Infrared Inspection Services

Product Description

Infrared (IR) Technology in Inspection and Maintenance

Infrared (IR) technology is a widely used inspection tool in the oil and gas industry for condition monitoring and predictive maintenance. Unlike traditional visual inspection methods, IR technology does not require direct contact with the equipment being monitored, making it a more efficient and versatile solution.

IR Thermography Overview

IR thermography is a form of Non-Destructive Testing (NDT) that measures temperature variations as heat (thermal radiation) moves through, from, or to a component. Also known as IR testing, thermal testing, thermal imaging, and IR thermometry, this method is effective in detecting equipment abnormalities and performance issues.

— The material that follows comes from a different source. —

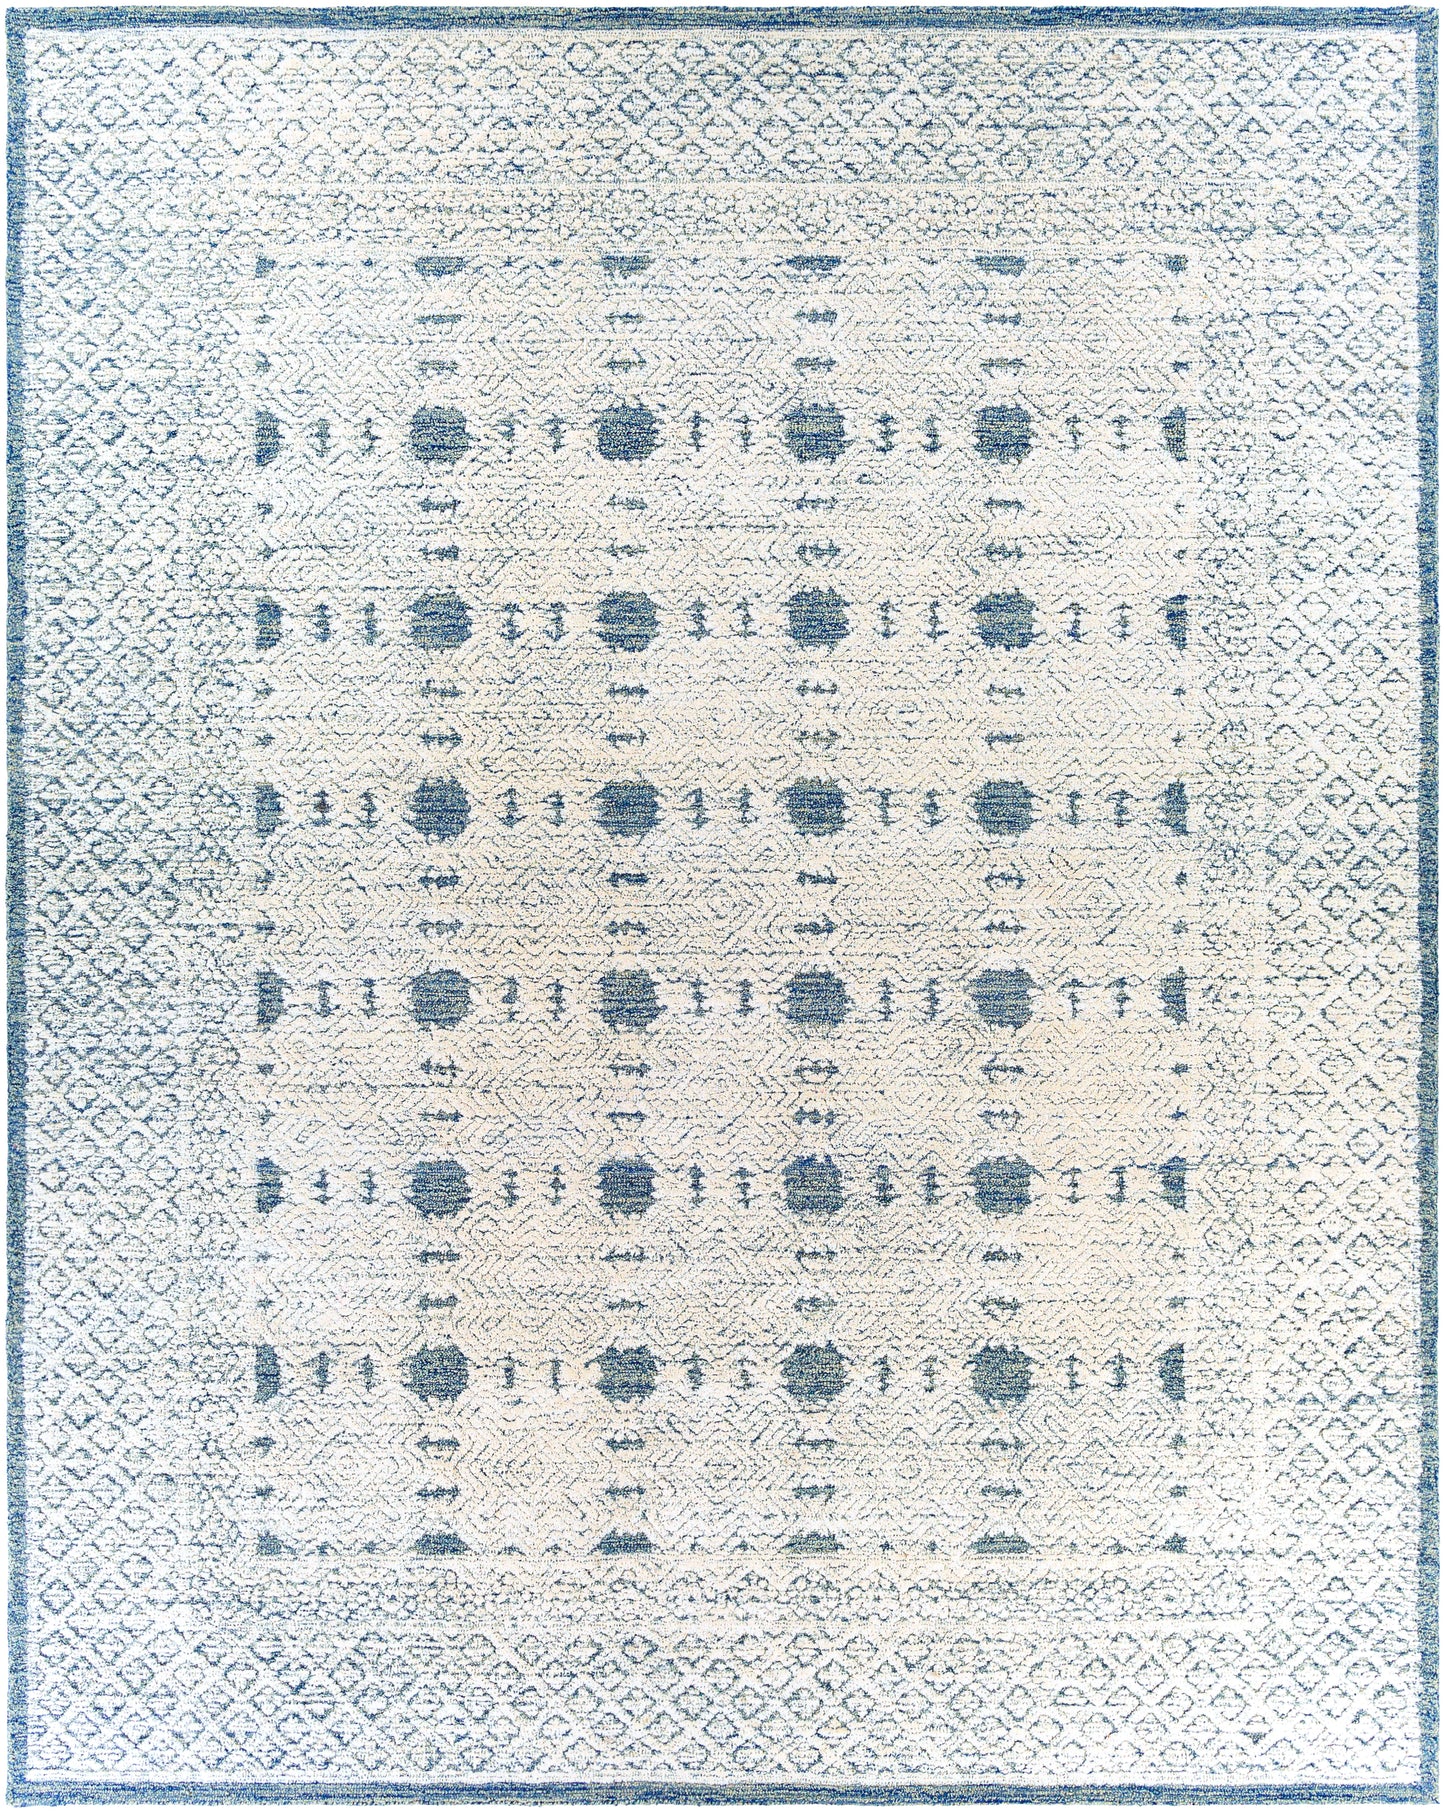 Louvre 23813 Hand Tufted Wool Indoor Area Rug by Surya Rugs

Since thermal radiation corresponds directly to temperature changes, IR thermography relies on specialized infrared cameras to visualize this radiation, which is otherwise invisible to the human eye. These cameras detect and display emitted, reflected, and transmitted infrared energy, providing detailed thermal images for analysis.

Purpose and Benefits

Mapping temperature levels and variances helps identify potential issues such as:

• Hot spots indicating equipment weakness or potential failure
• Corrosion damage
• Delaminations
• Voids
• Inclusions
• Other flaws affecting heat transfer

To effectively detect these anomalies, there must be a sufficient temperature difference between the component and its surroundings.

Key Thermography Concepts

• Emissivity: Describes a material's ability to emit infrared energy (value between 0 and 1). For instance, a material with an emissivity value of 0.95 emits 95% of infrared radiation and reflects 5%.
• Reflectance: Refers to the amount of light reflected from a material's surface.
• Transmittance: Describes a material's ability to transmit thermal energy to the infrared camera. While plastics are generally transmissive, metals are opaque and non-transmissive.

Heat vs. Temperature

• Heat: Refers to the total energy of molecular motion in an object and depends on its size.
• Temperature: Describes the average energy of molecular motion and is independent of object size.
• Heat Transfer: The movement of thermal energy from a hotter region to a cooler one.

Heat Transfer Mechanisms:

1. Conduction: Heat transfer between two solids.
2. Convection: Heat transfer through liquids and gases.
3. Radiation: Heat transfer via electromagnetic waves.

Considerations for Thermography

Component Factors:

• Equipment type and operational process
• Material type (e.g., steel, stainless steel)
• Material properties (e.g., thermal diffusivity)
• Thickness and geometry of the component
• Material emissivity

Anomaly Factors:

• Knowledge of anomaly size, depth, and orientation is crucial for effective detection.

IR Camera Factors:

• Distance between the component and the IR camera
• Spatial resolution (clarity of the component's image)
• Thermal resolution (clarity of temperature differences)
• Thermal range (ability to detect component temperatures)

Industry Applications

IR thermography is extensively used across industries such as oil and gas, chemical processing, and manufacturing. Common applications include:

• Detecting piping insulation issues
• Identifying fluid levels in equipment
• Locating hot spots, voids, and inclusions in rotating equipment prone to excessive friction

Key Benefits of IR Thermography:

• Extended equipment life
• Reduced risk of equipment failure
• Decreased unscheduled shutdowns
• Improved equipment performance

By utilizing IR thermography, industries can enhance their maintenance strategies, improve safety standards, and ensure efficient equipment operation.